You do understand that legacy resource holders
have NO onus on them to maintain accurate POC entries in WHOIS,
right?  If they haven't signed a legacy RSA - but there's
still a POC handle in WHOIS - that IPv4 resource is tied up
and unavailable for reassignment.

And it's probably VERY likely that some resources under RSA are
containing bogus WHOIS entries as well.  Large companies frequently
will have accounting departments who will pay bills year after year
and never bother to check if the service they are paying for is
still in use.

Currently we simply do NOT know if the amount of unused, stale-POC
legacy resources plus abandonded, stale-POC-but-still-paid-for
RSA numbering resources constitutes a significant pool of IPv4.

When IPv4 runout happens, there's going to be a number of governments
who will want to know if ARIN has IPv4 hidden away - it's just not
going to be acceptable to say "well, we might have some but we
don't know because we have been too lazy to bother pruning our
database"

This is why the proposal directs ARIN to report on this after grooming,
and to update WHOIS with email validity data.

Keep in mind that if you have a bogus entry in WHOIS that NON-email
verification is going to take several months.  They will have to make
a phone call and if the phone # is wrong they will have to send a
certified letter and if that is not responded to they probably will
have to send a second certified letter, if that is ignored they will
have to check dfz and see if any prefixes tied to the POC are being
advertised, then check with the advertiser to have them tell them
who is doing the advertising, then check with that group and ask
why they are advertising a prefix that doesn't belong to them per
the POC data.  If that entity starts arguing with ARIN that they
own the prefix, ARIN will demand supporting docs that will take time
to produce, etc. etc.

It might easily take upwards of a year before some of the legacy
prefixes that are currently being advertised, that have bogus POC
data on them, are verified by ARIN staff and POC data is then updated.
And, this is just the stuff that is NOT criminal.

In cases where it IS criminal, ie: where a spammer is hijacking an
abandoned IPv4 prefix they just found, then you can imagine that entity will
fight a war of delaying and stalling tactics with ARIN which will
push it out even longer.

SO what we will end up with this policy is the following:

a report from ARIN that lists the reclaimed prefixes, and the ones
"in dispute" ie: the ones where verification is pending.  Those will
be visible in WHOIS by the existence of a "bogus e-mail" mark on
the e-mail data in the POC.  We will know that a certain percentage
of the "verification pending" ones will turn out to be reclaimed,
and so based on that we will be able to make a pretty accurate estimate
of how much stale IPv4 is tied up in WHOIS.
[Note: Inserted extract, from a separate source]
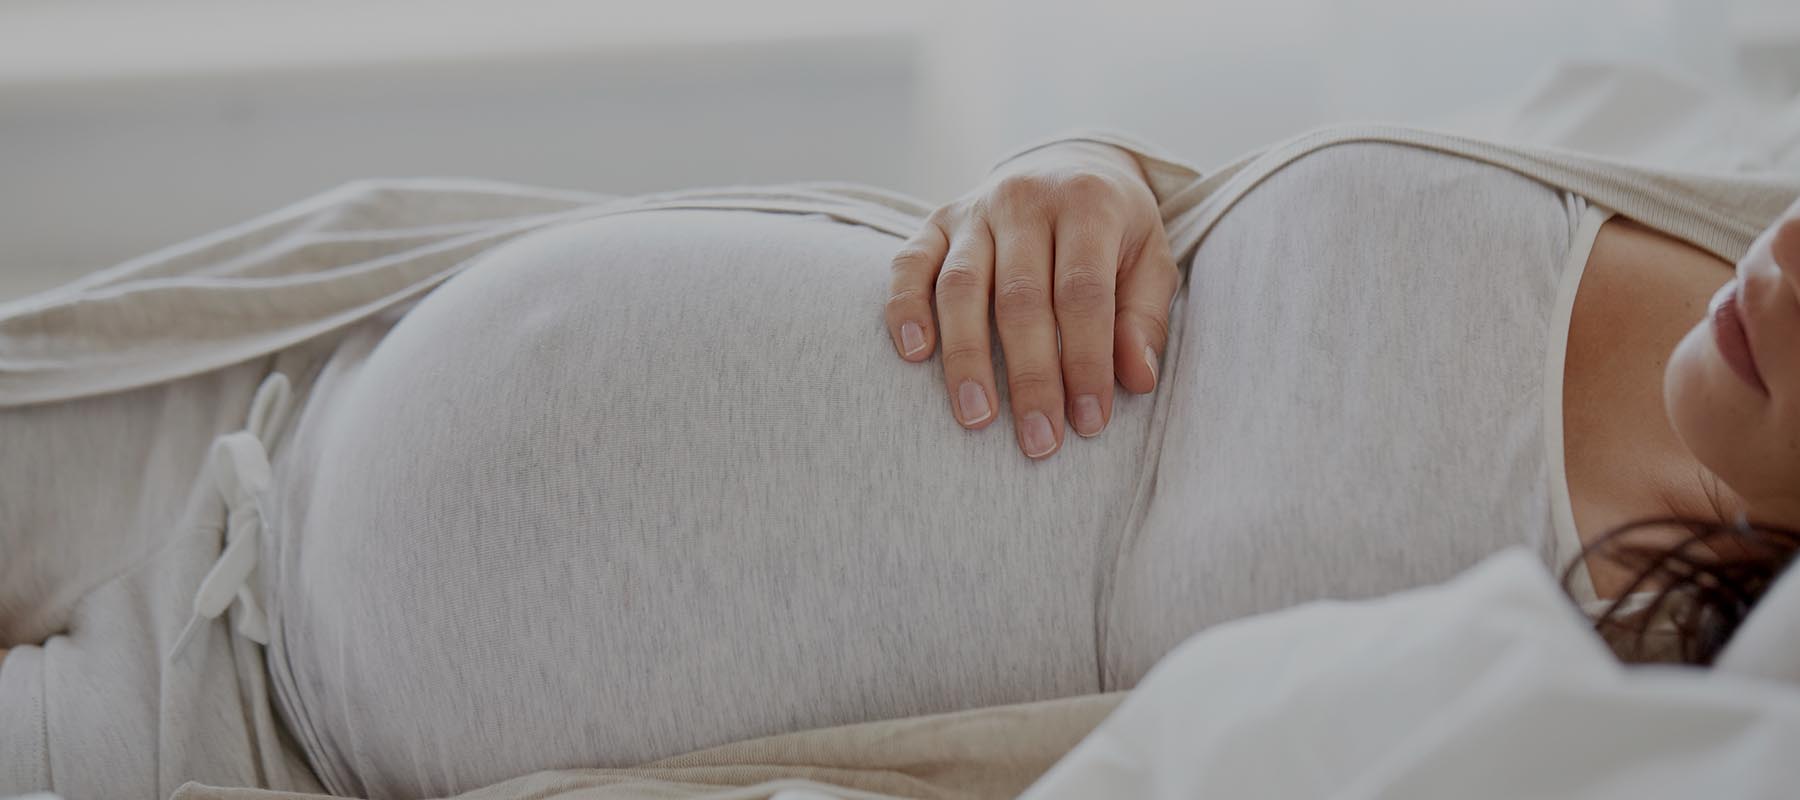 How To Sleep While Pregnant (8 Tips)
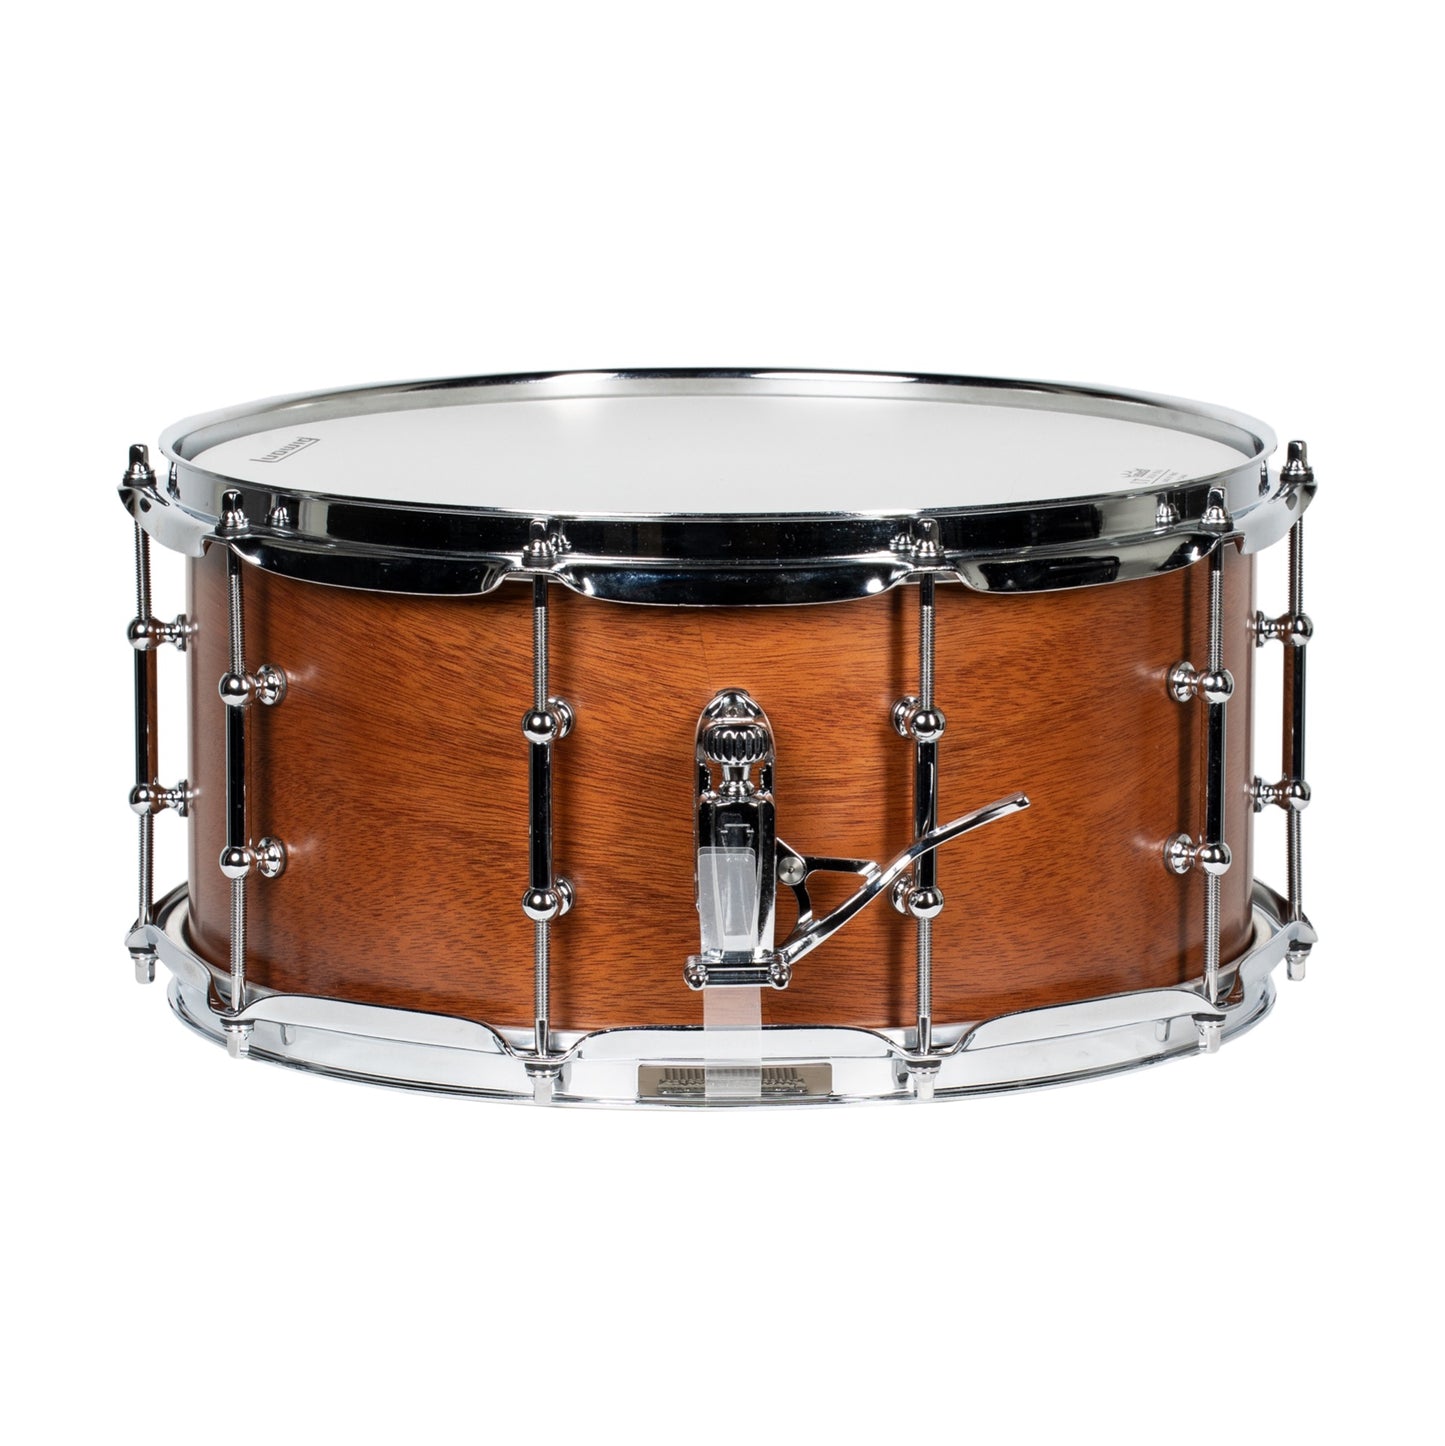 Ludwig Universal Series 6.5x14 Snare Drum, Mahogany with Chrome Hardware

And, once we know the amount of stale assignments in WHOIS, it is then
possible to judge the viability of all of the various "IPv4 reclamation"
schemes and see if it's worth spending money on them.

Why have ARIN spend a huge amount of time and effort and money trying
to reclaim IPv4 if it turns out that after we groom WHOIS that only
a small fraction of IPv4 allocations are bogus?  Conversely, if we find
that, say 50% of assigned IPv4 is abandonded or unverifable, then
we know that Ipv4 runout will be many years away.